One other way you can build your social skills and initiate good interpersonal relationships is to go an extra mile by joining a club, team or group of people who have a good common goal. It might be a religious group, like joining units in a church if you are a Christian or joining a club in your school if you happen to be a student. Think of what team interests you- the kind of team that you can find in your environment and easily join. You must be ready for different types of attitude and feedback, some may see you as being too reserved or indifferent while some may just like you the way you are. Do not let any criticism get too much at you as you know your goal for joining the team. It could be of help if you develop a solid friendship with at least one person who is part of the team. When you have a person cheering you on, the adventure gets easier.

Learn from Others

It is very likely that you have observed certain persons around you who you can describe as having good social skills, those who are able to get conversations rolling, make friends easily and have very meaningful discussion with almost anybody. Observe such people and notice their disposition, tone of voice, body language and all, you might get a few useful tips through that. You can always try out whatever you observe or learn, see if it works for you, if it doesn’t, adjust it to your own context and style. Being a more social person does not have to always be so much of a work, but when you are trying to build a new habit, there will be the need to first be intentional.
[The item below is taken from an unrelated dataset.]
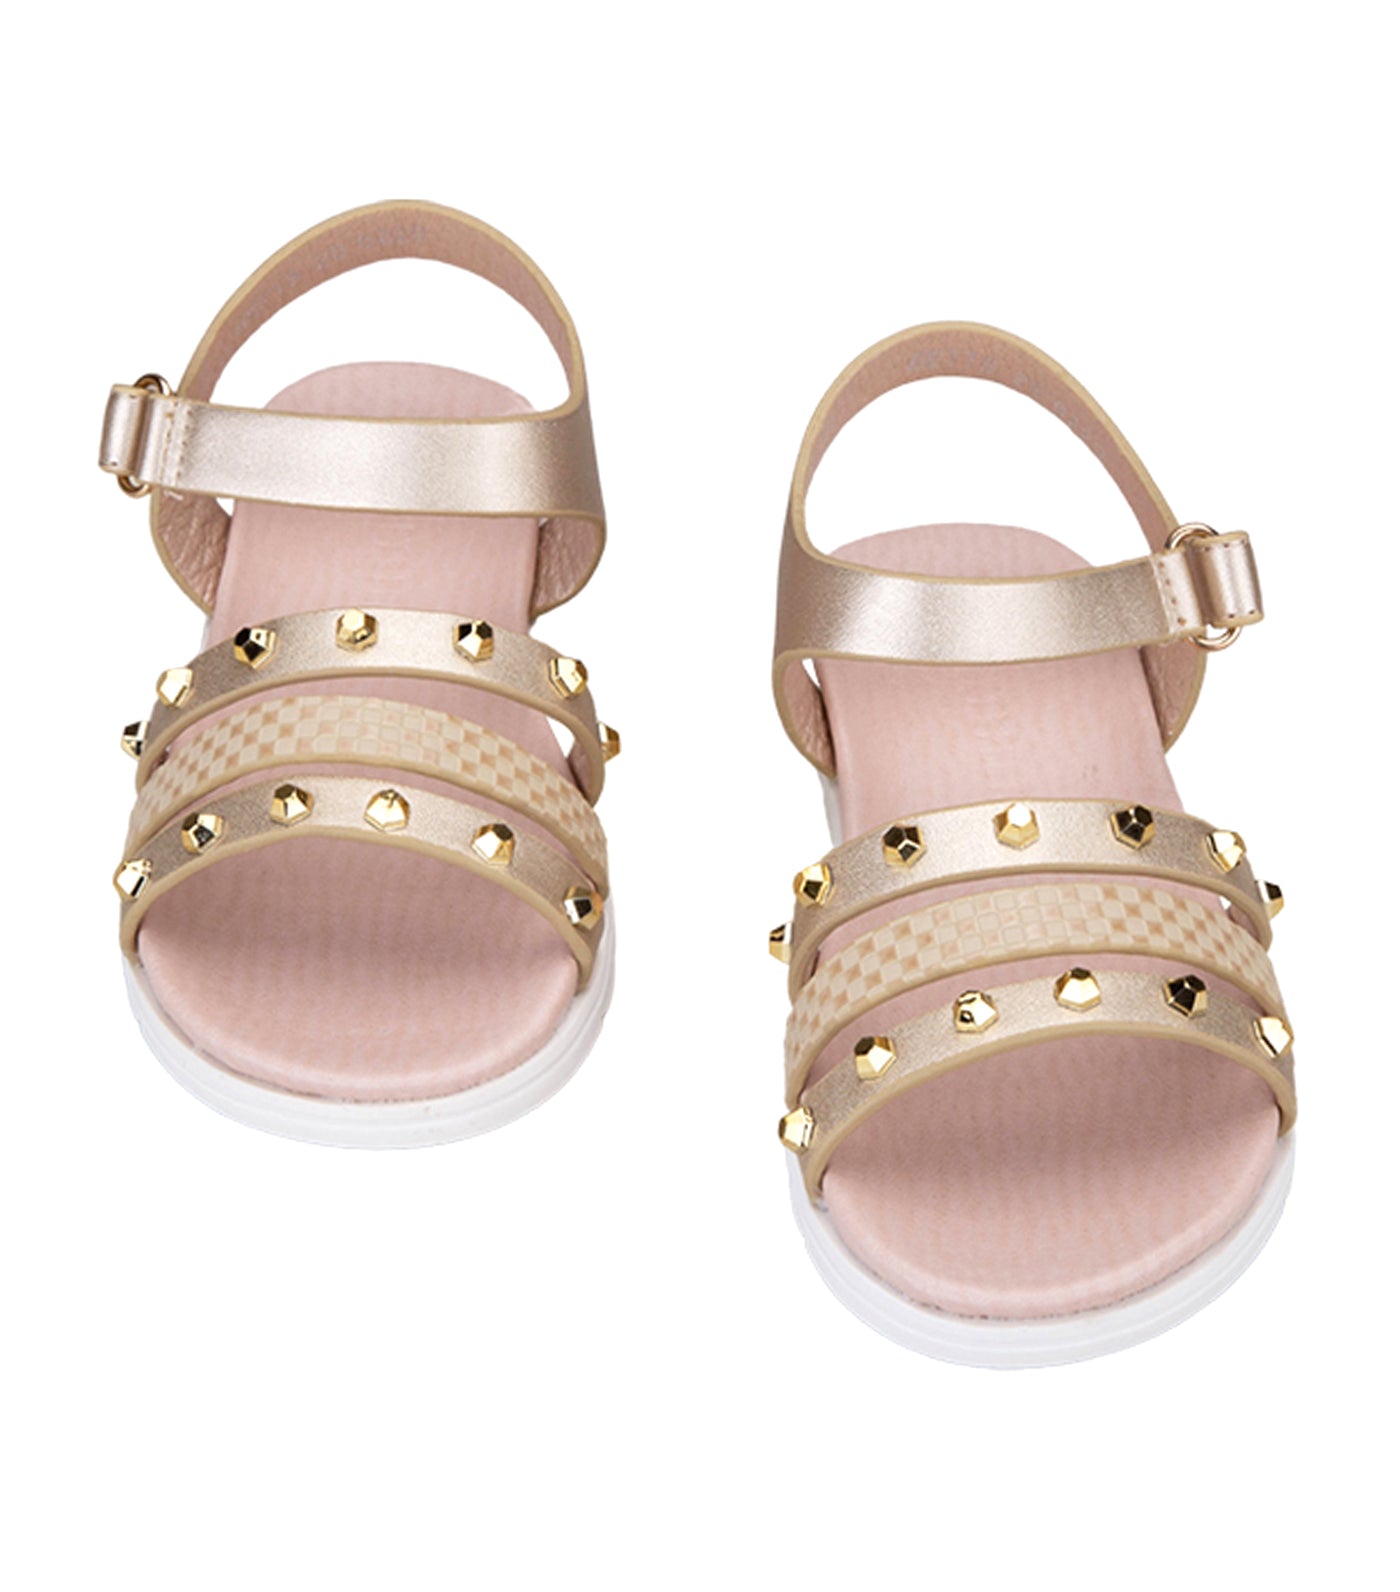 Betts Kids Sandals for Girls - Gold

Ask questions and find a common ground

No matter how totally new you are to someone you are just meeting, there will likely be something that you can use as a common ground which you can use in kick-starting a conversation. Imagine you meet someone at a professional conference, and you decide to start a conversation, perhaps you missed some points in the first lecture, you can simply ask if the other person has it in his/her note. From there you can go on to talk about how much you enjoyed the lecture and probably mention some points you didn’t quite get. You must be sensitive to know if the other person is interested in the chat or not.

You can also ask open-ended questions, questions that will make the other person say more than just yes or no.

Build Your Emotional Intelligence

If your goal is to really improve your relationship building skills, then you should pay high attention to your level of emotional intelligence. Emotional intelligence will teach you to understand people better and how to respond when they act in certain ways. One thing to have at the back of your mind is that once you begin to interact with people, you are exposing yourself to reactions (positive or negative) from them. You must understand that once there is contact, there will be friction, once there is interaction, there will likely be misunderstanding. In order to arm yourself with necessary knowledge and skill to handle people, research, study and learn more about emotional intelligence.

Be Less Virtual

We live in the days of the internet and social media and the fact is, that many people today are more engrossed in the use of their phones than the normal face to face interactions around them. Many live more on Facebook, Instagram, Twitter and the rest than they live with the people around them. They talk more with virtual friends and people than with the people who are physically around them. The effect of this is that the social life that is supposed to characterize our environment keeps depleting, and people may not pay due attention to building good social skills as they ought.

There is a limit to how much of a company the phones can be, we will still need real people around us at one point or the other. The best company is real company, not virtual company.

As you work towards a more interesting and productive social life, remember that daily bits of progress will eventually accumulate to significant improvements.